> **Required work**
From the listing below, restate word for word the lines from the line containing "A good original" down through the line containing "The table having". Exclude pictures.

> **Data shown**
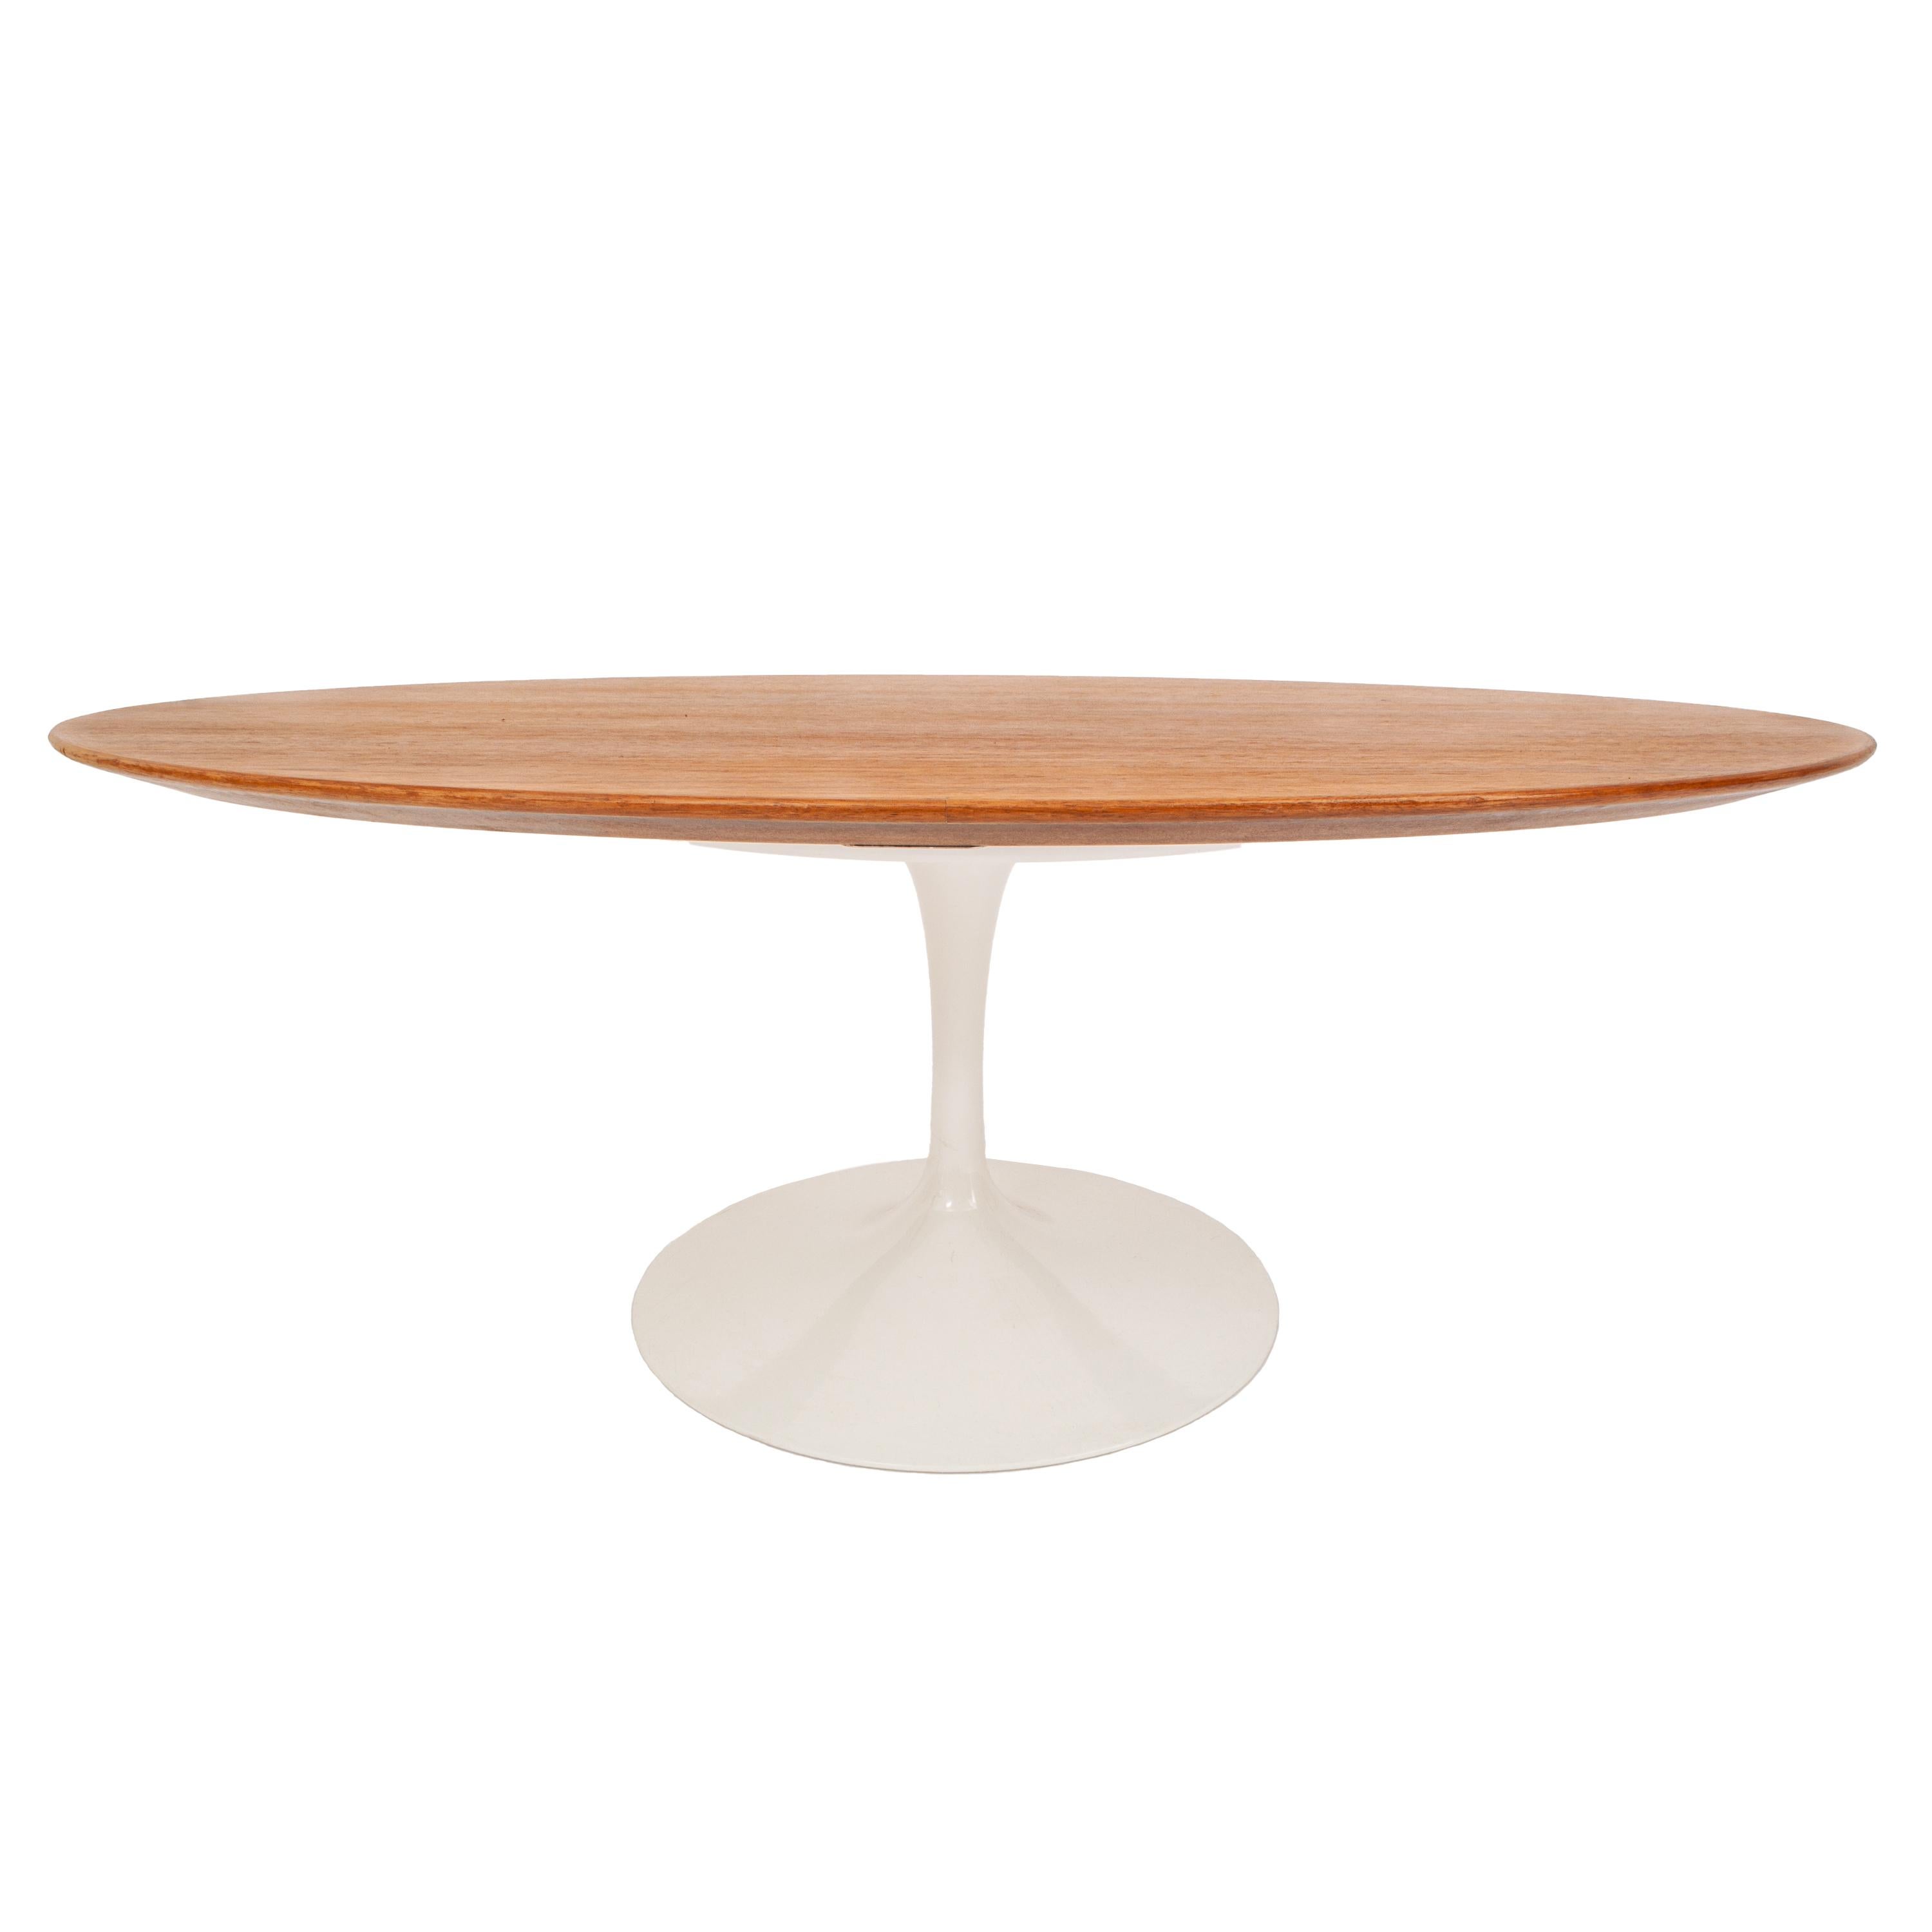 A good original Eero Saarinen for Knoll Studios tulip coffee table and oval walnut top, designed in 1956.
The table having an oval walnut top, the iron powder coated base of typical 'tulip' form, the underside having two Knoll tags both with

...

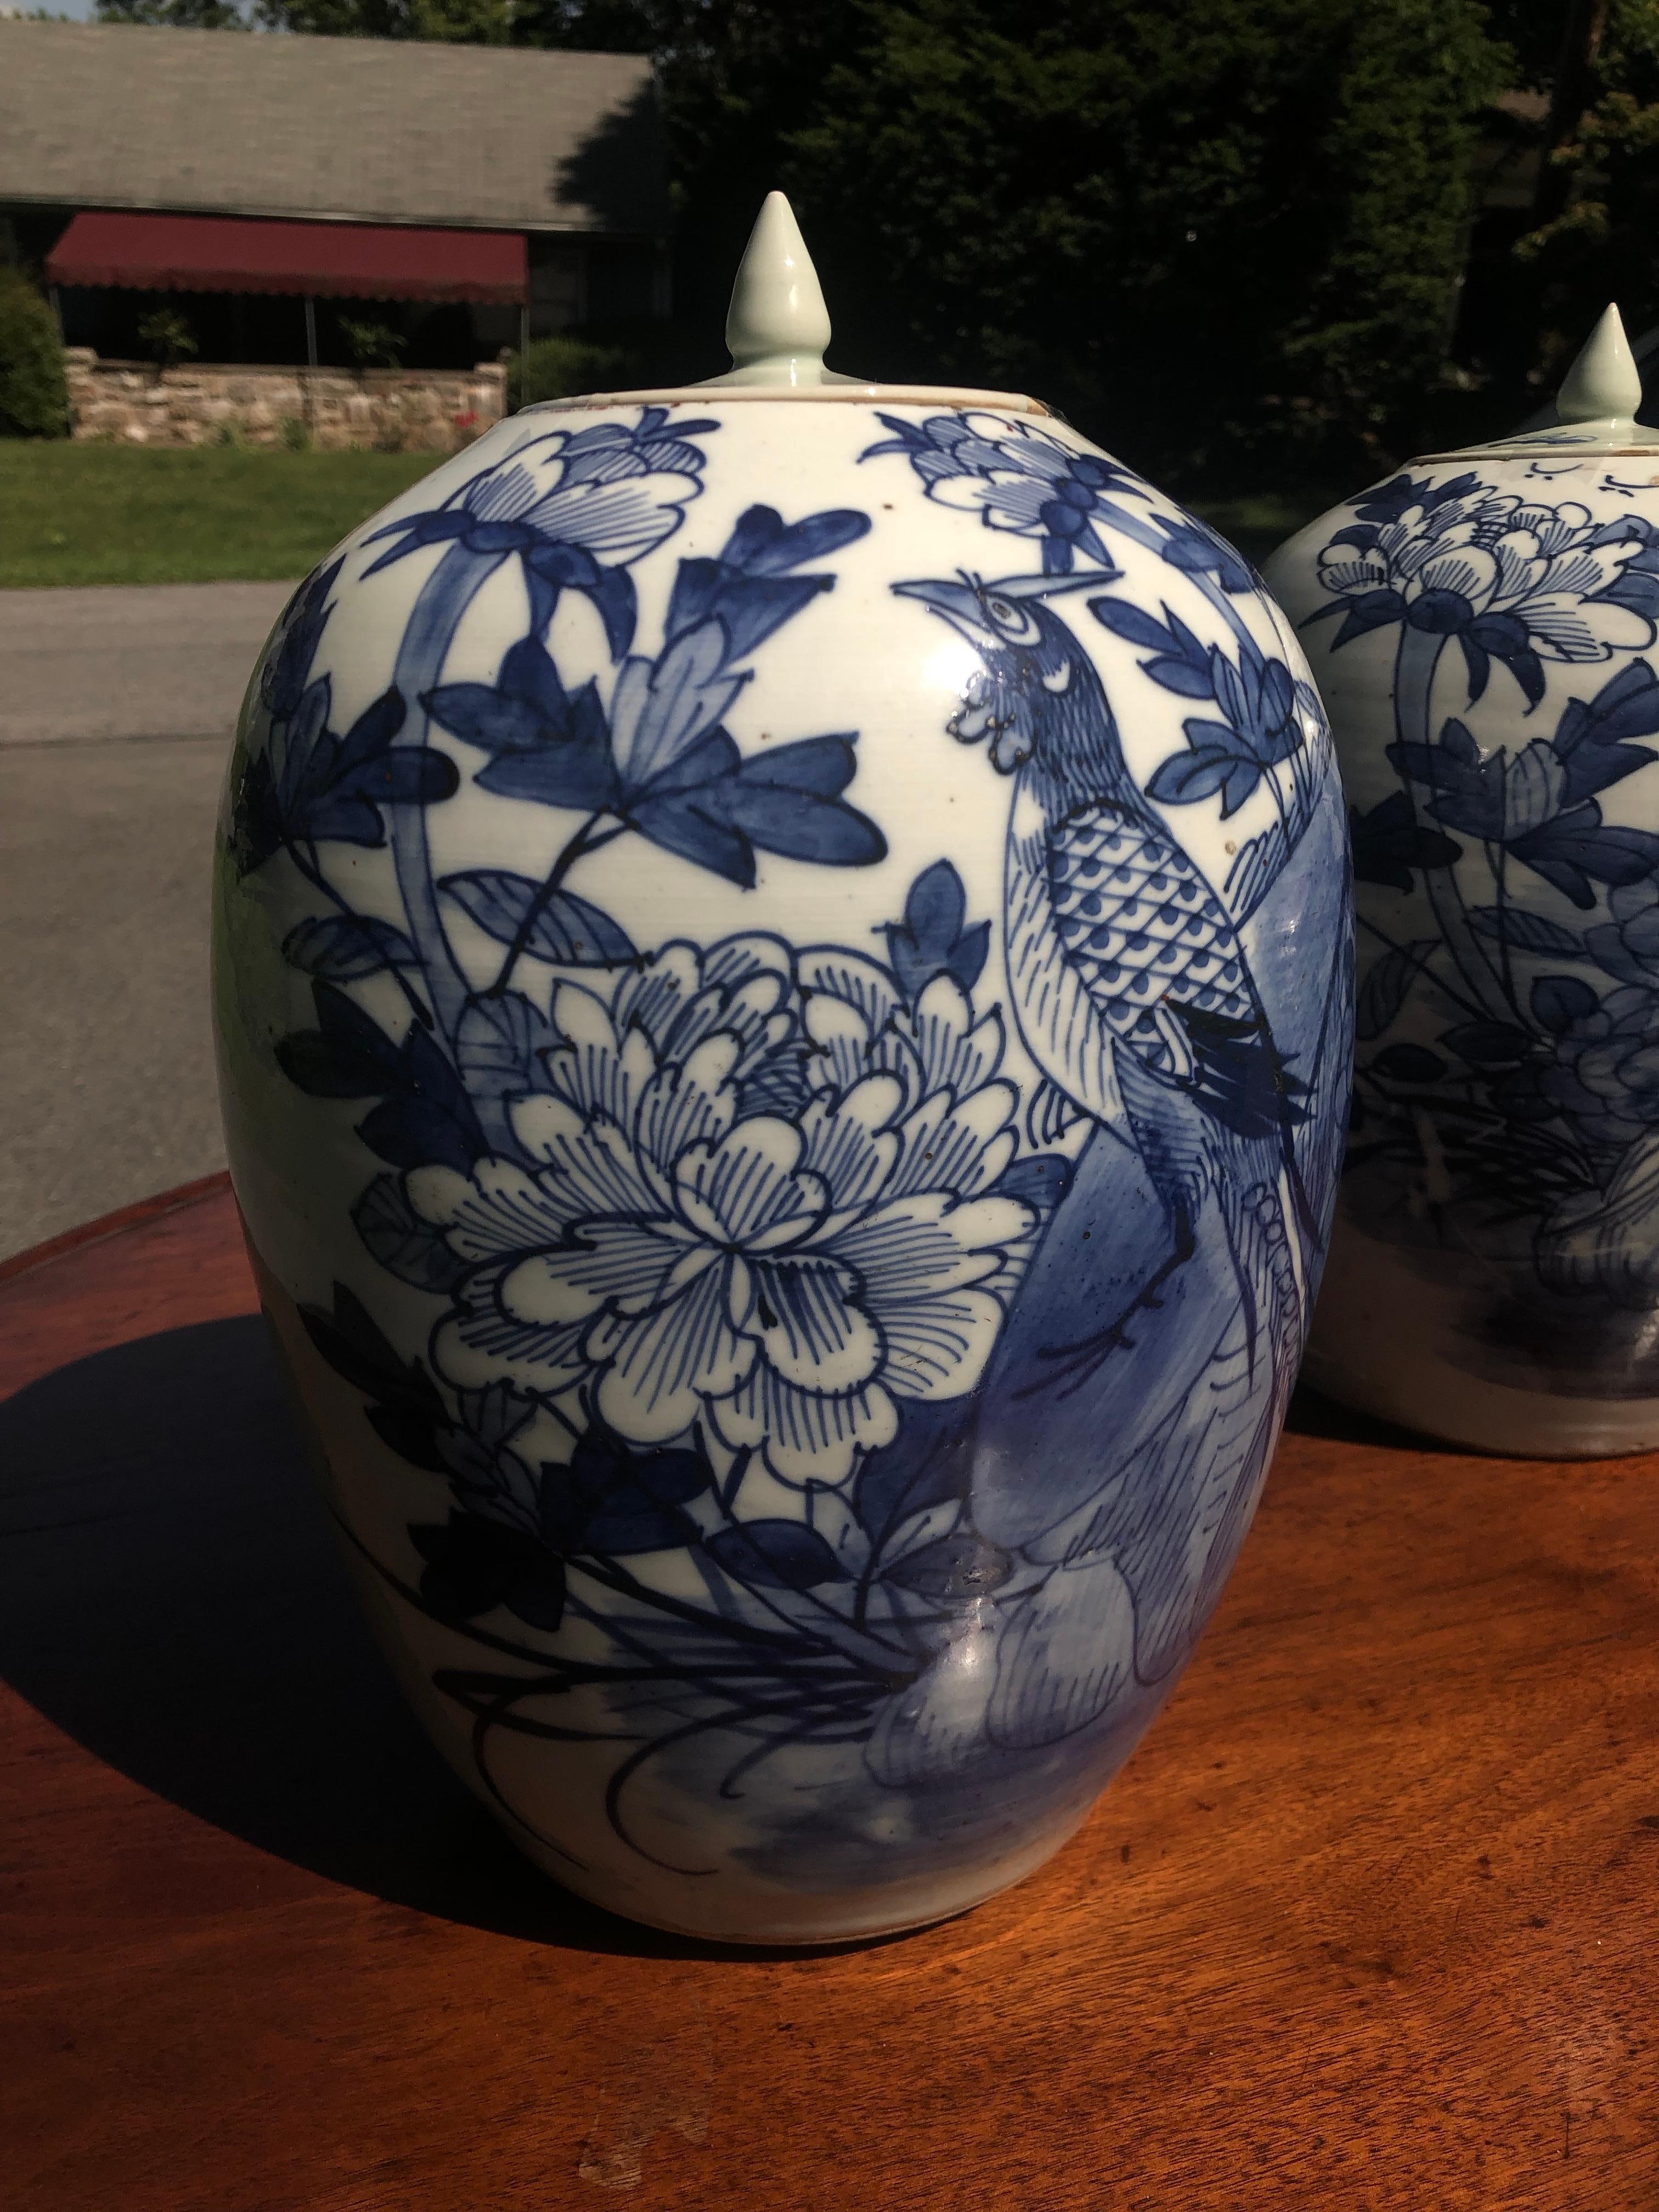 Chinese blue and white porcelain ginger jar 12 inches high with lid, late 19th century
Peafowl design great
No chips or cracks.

> **Solution to the exercise**
 A good original Eero Saarinen for Knoll Studios tulip coffee table and oval walnut top, designed in 1956.
The table having an oval walnut top, the iron powder coated base of typical 'tulip' form, the underside having two Knoll tags both with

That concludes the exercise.